Starting in 1982, Sebastiani was the head fencing coach of the Princeton University men's and women's fencing teams for 25 years, through the 2005–06 season. The men were 213–89 and the women were 141–88 during that time.

The teams won nine Ivy League championships (the men in 1994–95, 1997–98, and 2000–21, and the women in 1999–2001), and six Intercollegiate Fencing Association (IFA) National championships. The men finished in the top four of the NCAA or IFA 16 times, and had 19-straight winning seasons. They had a winning record in 11 of his last 12 years. The women won two national team championships, in 1993 and 1994, winning the Mildred-Stuyvesant Trophy as champions of the National Intercollegiate Fencing Association. With that, Sebastiani became the first fencing coach to win the title at three universities, having previously won it at both Cornell University and New York University.

Sebastiani coached three NCAA individual men's champions, and one women's champion. One was Hall of Famer Soren Thompson ('05), who became an NCAA épée champion, two-time Olympian, team épée world champion, Pan American Games champion, and national champion. Another of his fencers was Maya Lawrence, who won a bronze medal in team épée at the 2012 Summer Olympics in London, and was a national champion. Thirty-six of his male fencers and 25 of his female fencers won All-America honors while fencing for him.

Sebastiani twice won the U.S. Fencing Coaches Association's Schreff Sword, given yearly to the most outstanding college fencing coach of the year as voted on by their peers, in 1994 and 2006. The Schreff Sword is an engraved silver Glamdring broadsword resting on a red velvet cushion.

Author and former Princeton fencer David Treuer wrote The Fencing Master, in which he described meeting Sebastiani, and learning to fence from him.
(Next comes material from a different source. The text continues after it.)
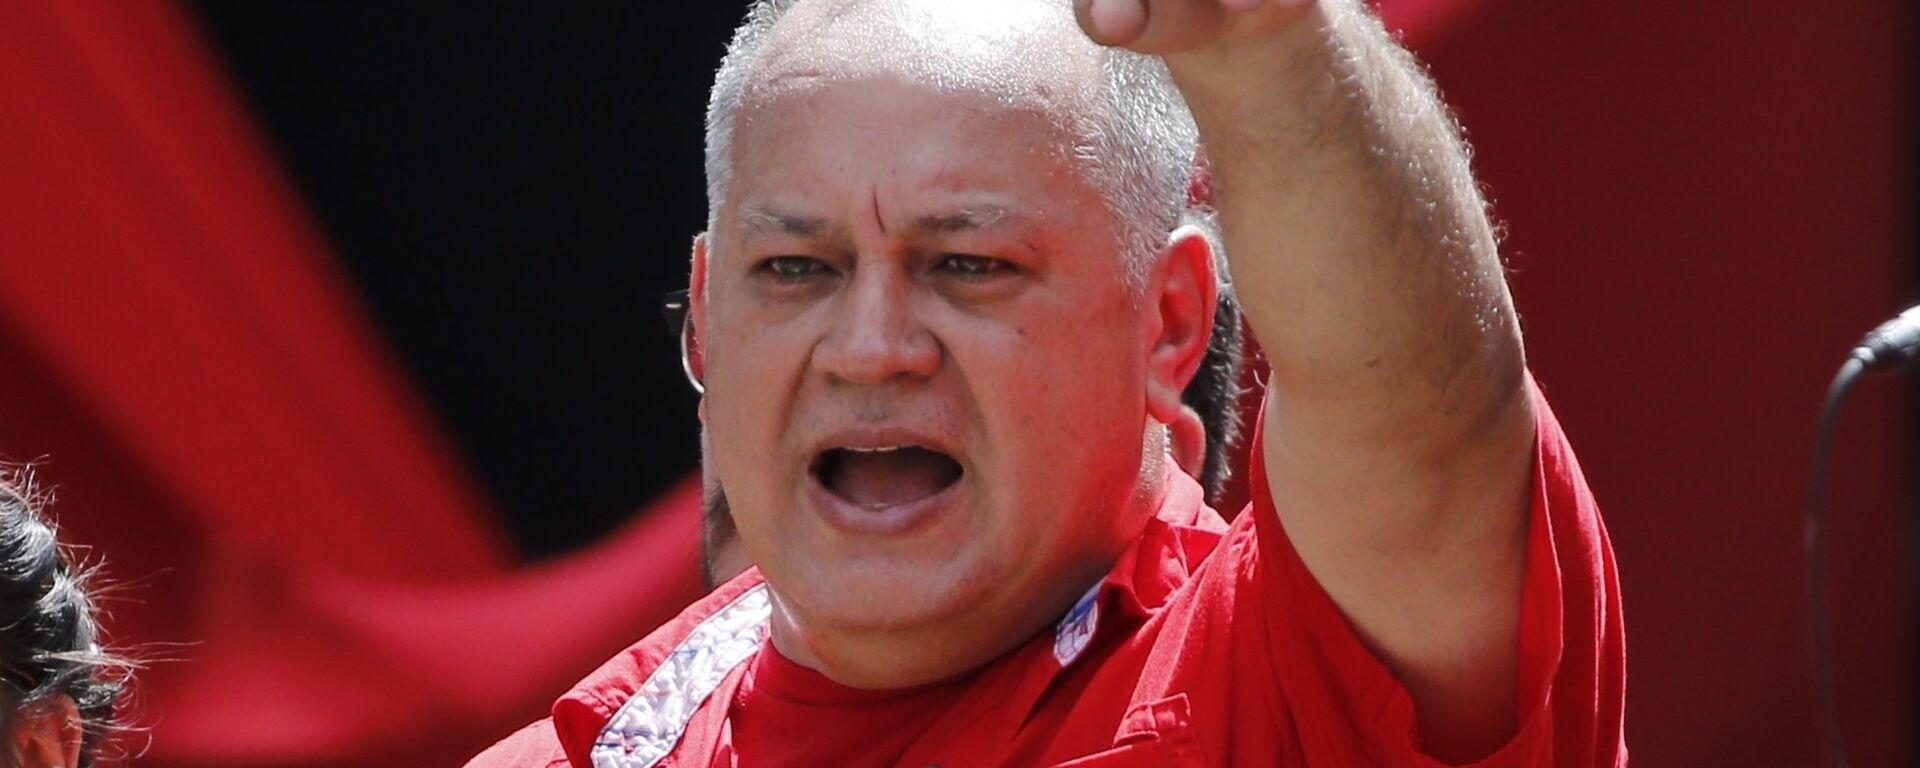 Diosdado Cabello, presidente de la Asamblea Nacional Constituyente de Venezuela - Sputnik Mundo, 1920, 28.01.2021

==US Olympic and World Fencing Championship Teams==
Sebastiani coached the US Fencing Team at the 1984 Summer Olympics in Los Angeles. He also was the coach of the US Fencing Team three teams at World Fencing Championships through 1982.

==Princeton salle==
In November 2001, Sebastiani opened a fencing center in Princeton, New Jersey, the Cercle D'Escrime de Princeton-Sebastiani (Sebastiani Fencing Academy), which as of 2023 had 200 members. There, he is Head Fencing Master and coaches Olympic fencers and others down to the novice level in the classic traditional French school of fencing, in foil, epee, and sabre. Gabrielle Roux, who was trained by Sebastiani, is an instructor and owner.

==Hall of Fame==
Sebastiani was inducted into the U.S. Fencing Hall of Fame in 2015.